*Records provided*
.....
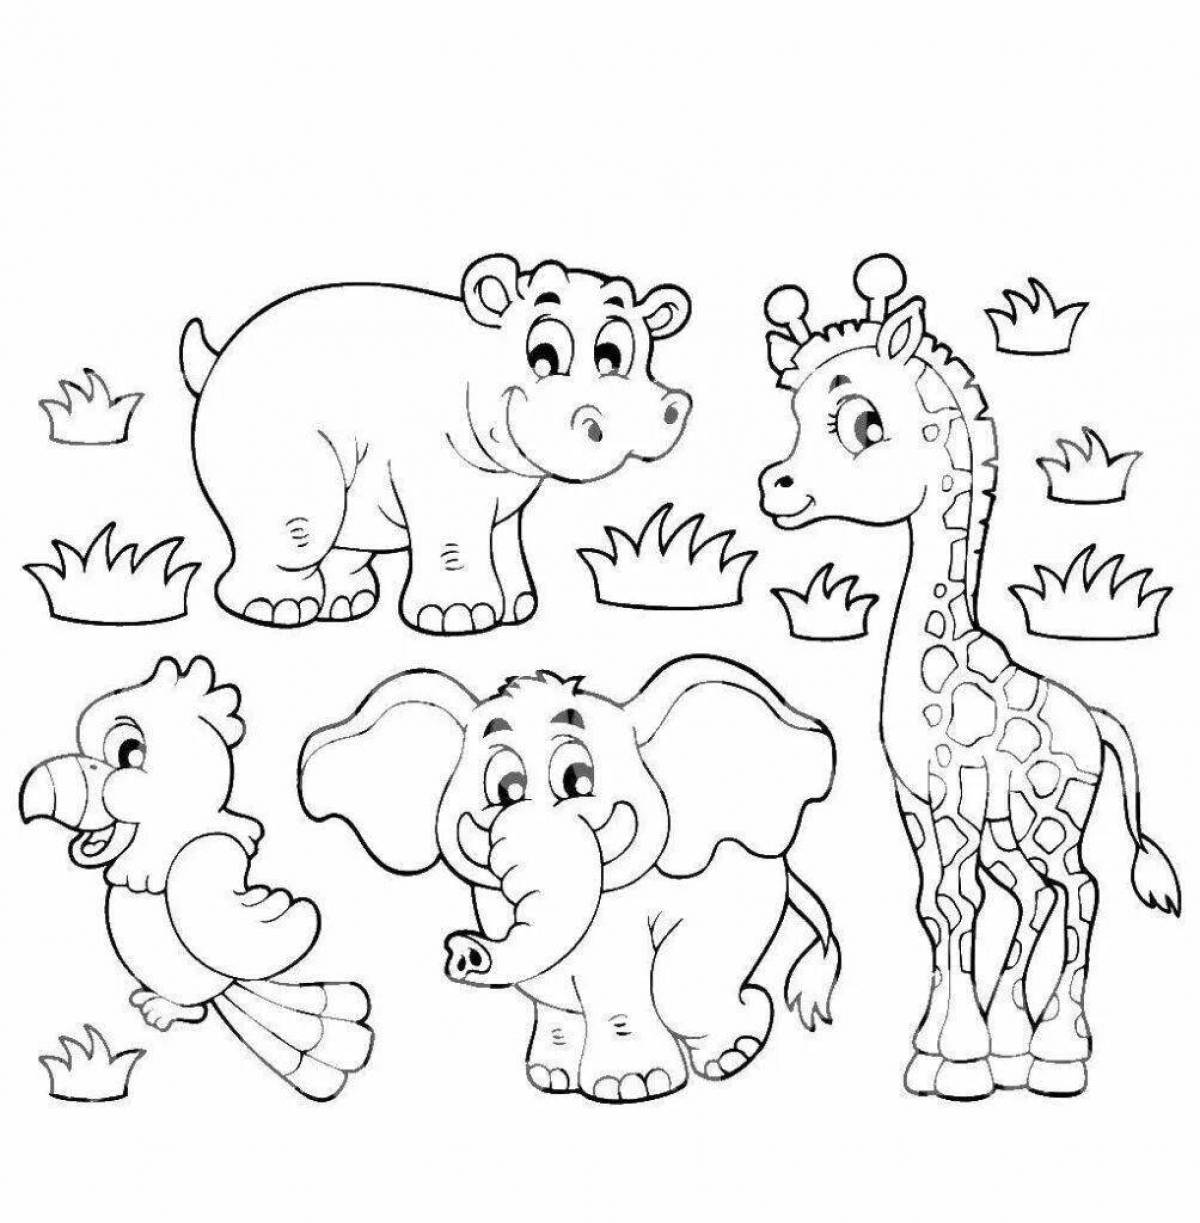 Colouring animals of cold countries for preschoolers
.....
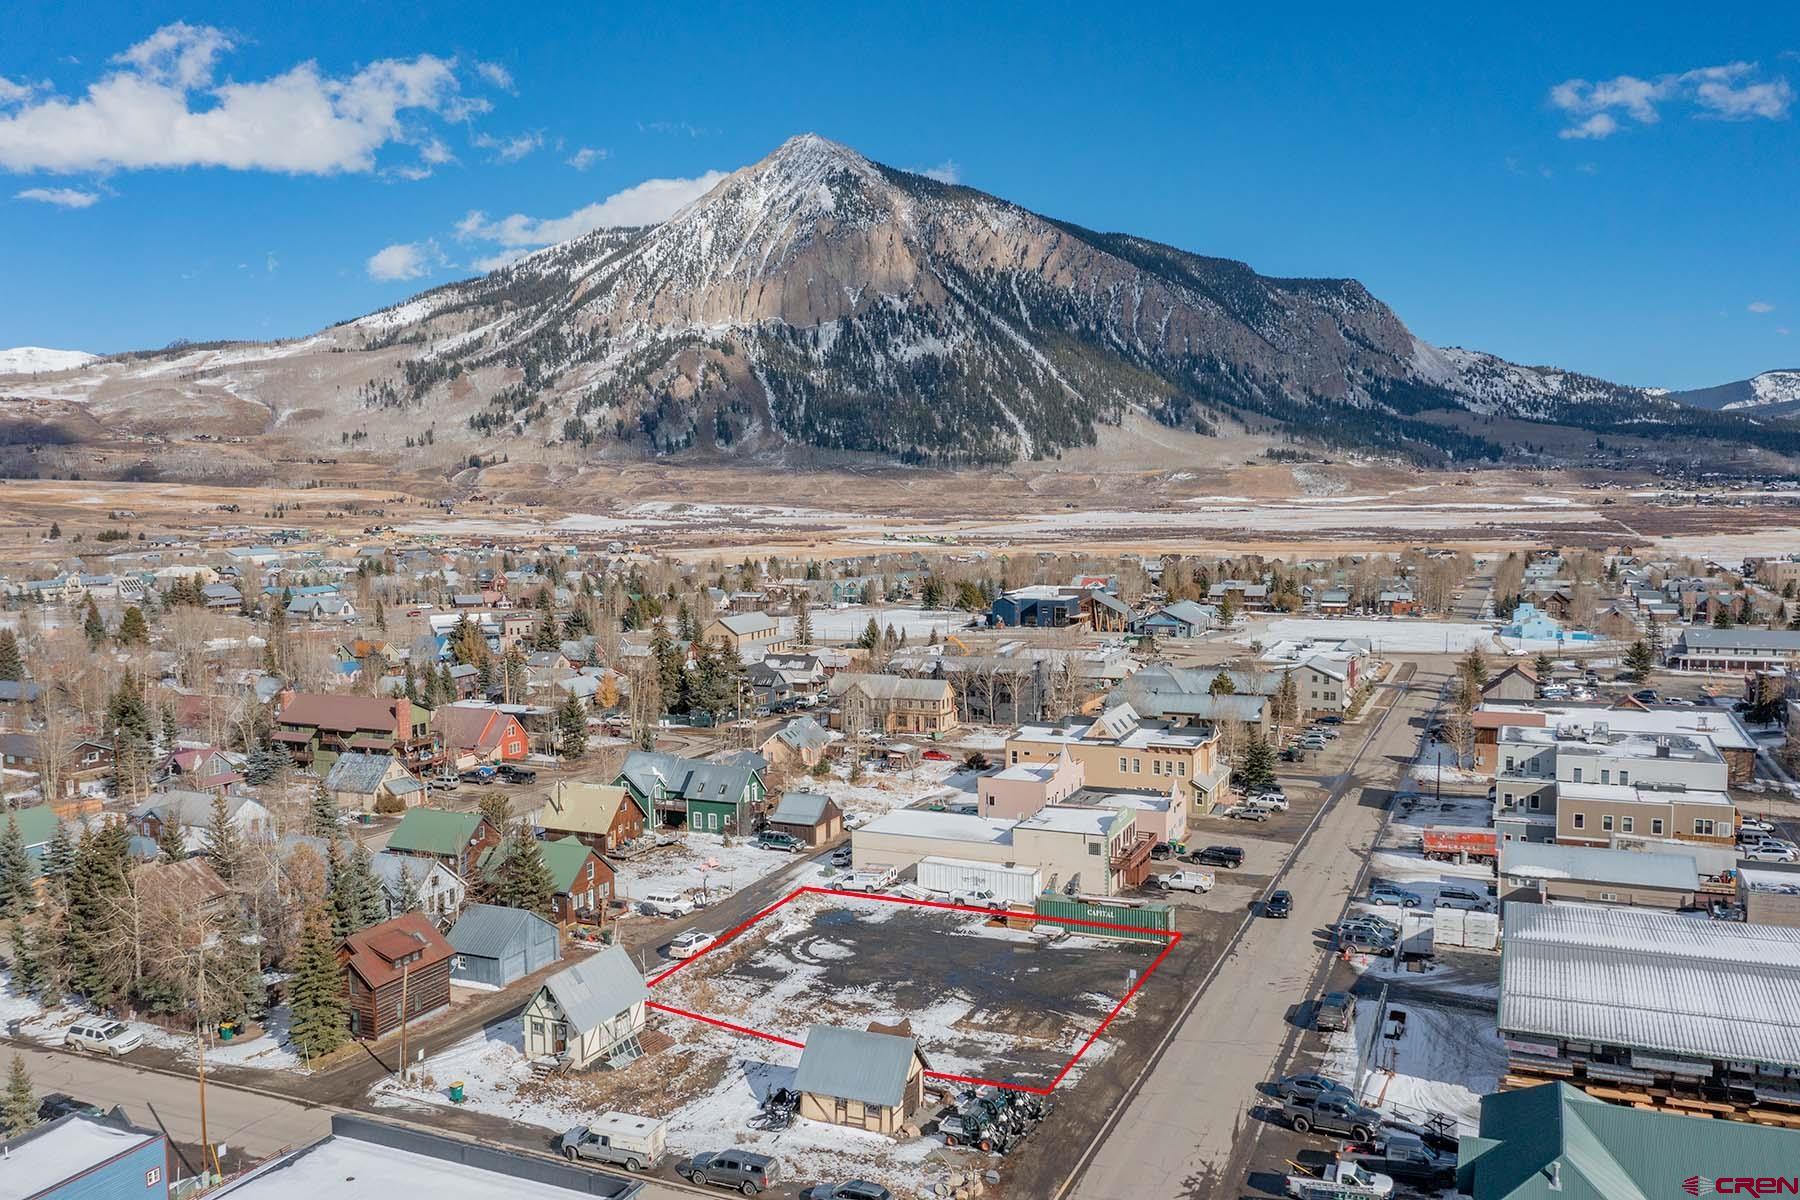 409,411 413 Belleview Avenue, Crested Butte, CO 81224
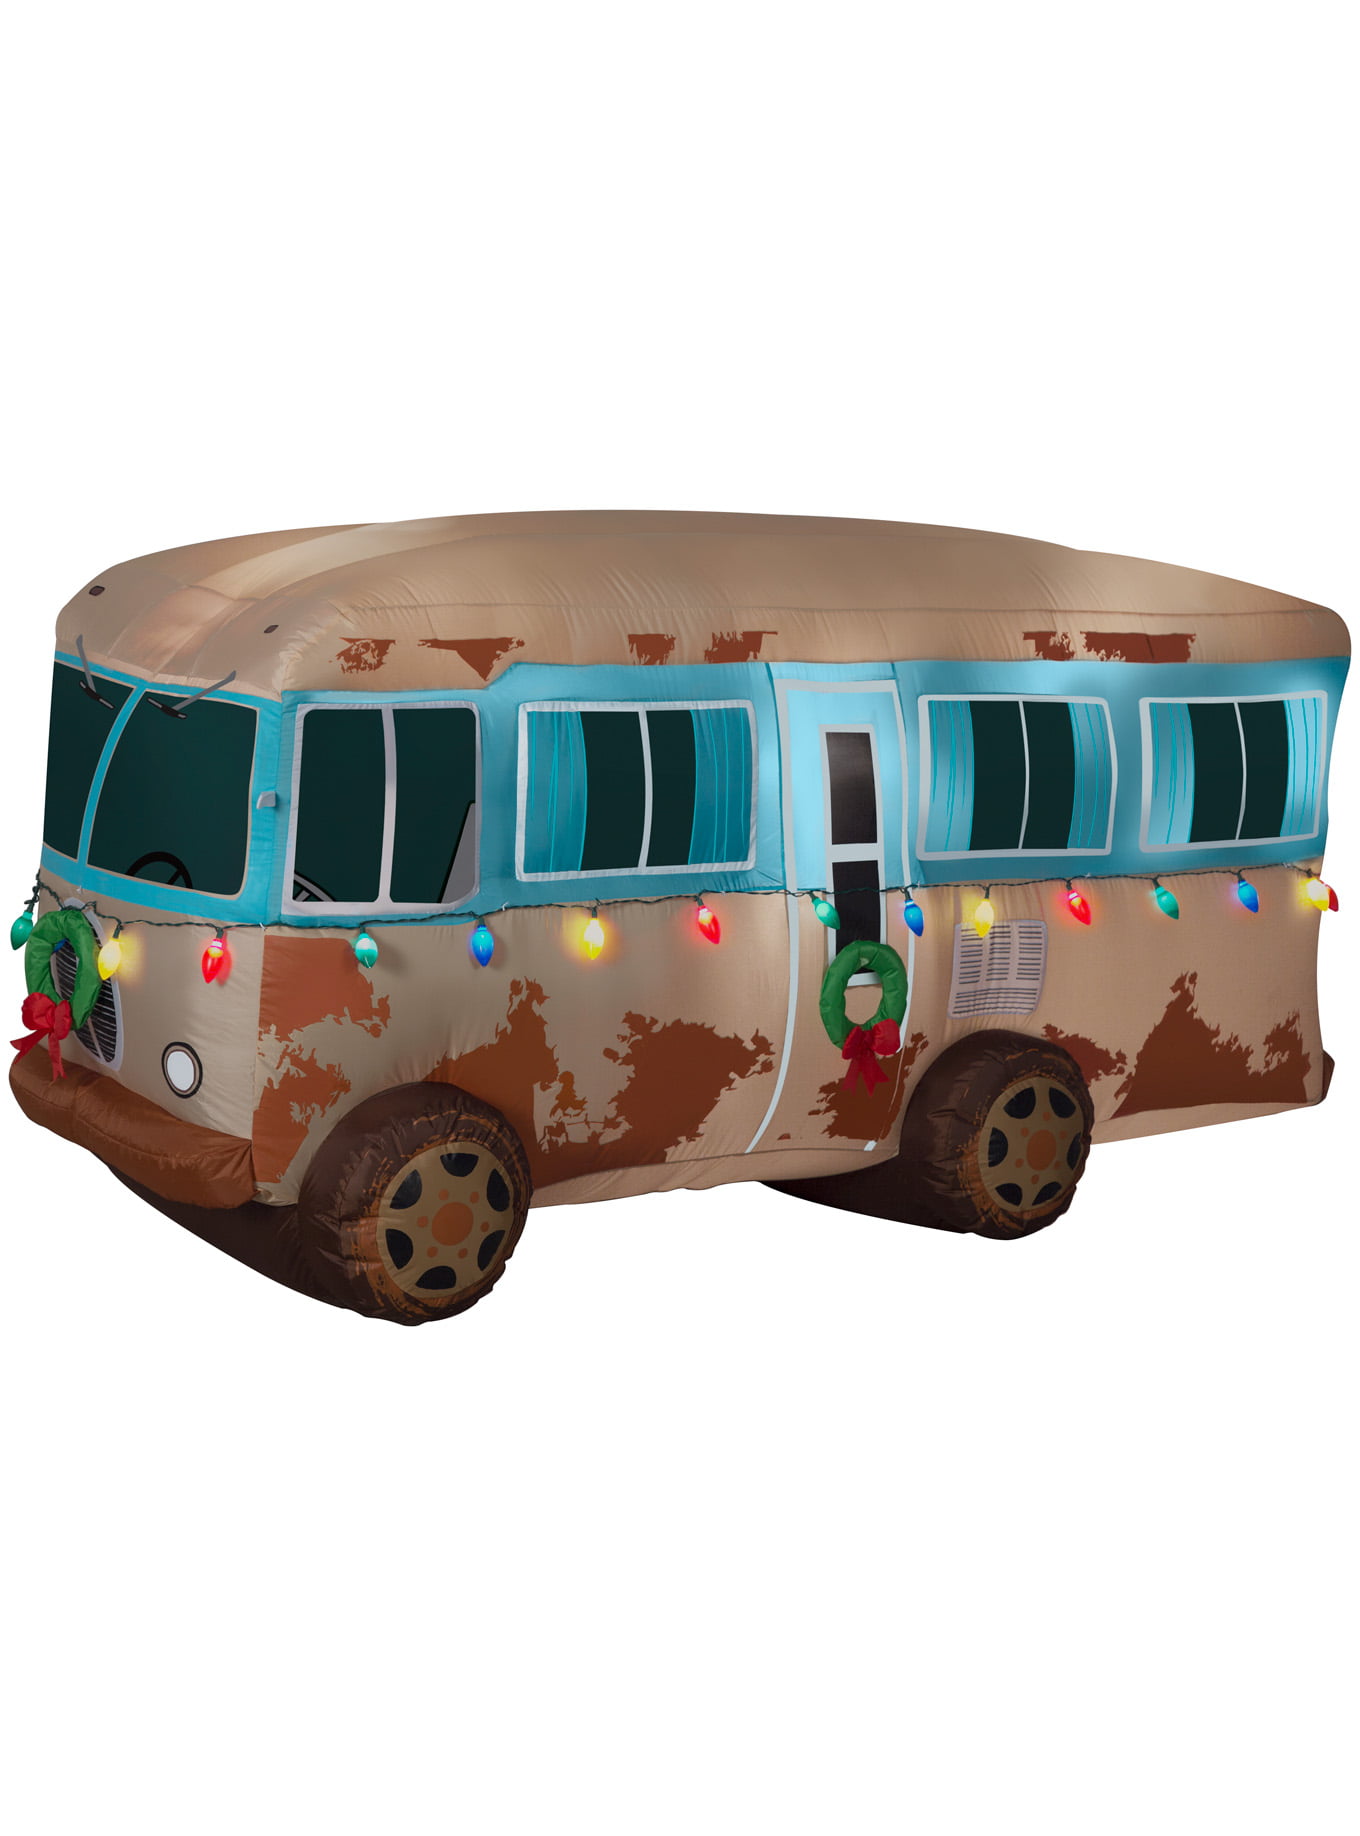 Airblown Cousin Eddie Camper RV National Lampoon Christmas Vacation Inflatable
.....
*What the exercise asks*
When you reach the line with "409,411 413 Belleview" in the records above, start writing out each line exactly, and stop after the line with "Airblown Cousin Eddie". Pictures stay out.

*Task answer*
 409,411 413 Belleview Avenue, Crested Butte, CO 81224
 Airblown Cousin Eddie Camper RV National Lampoon Christmas Vacation Inflatable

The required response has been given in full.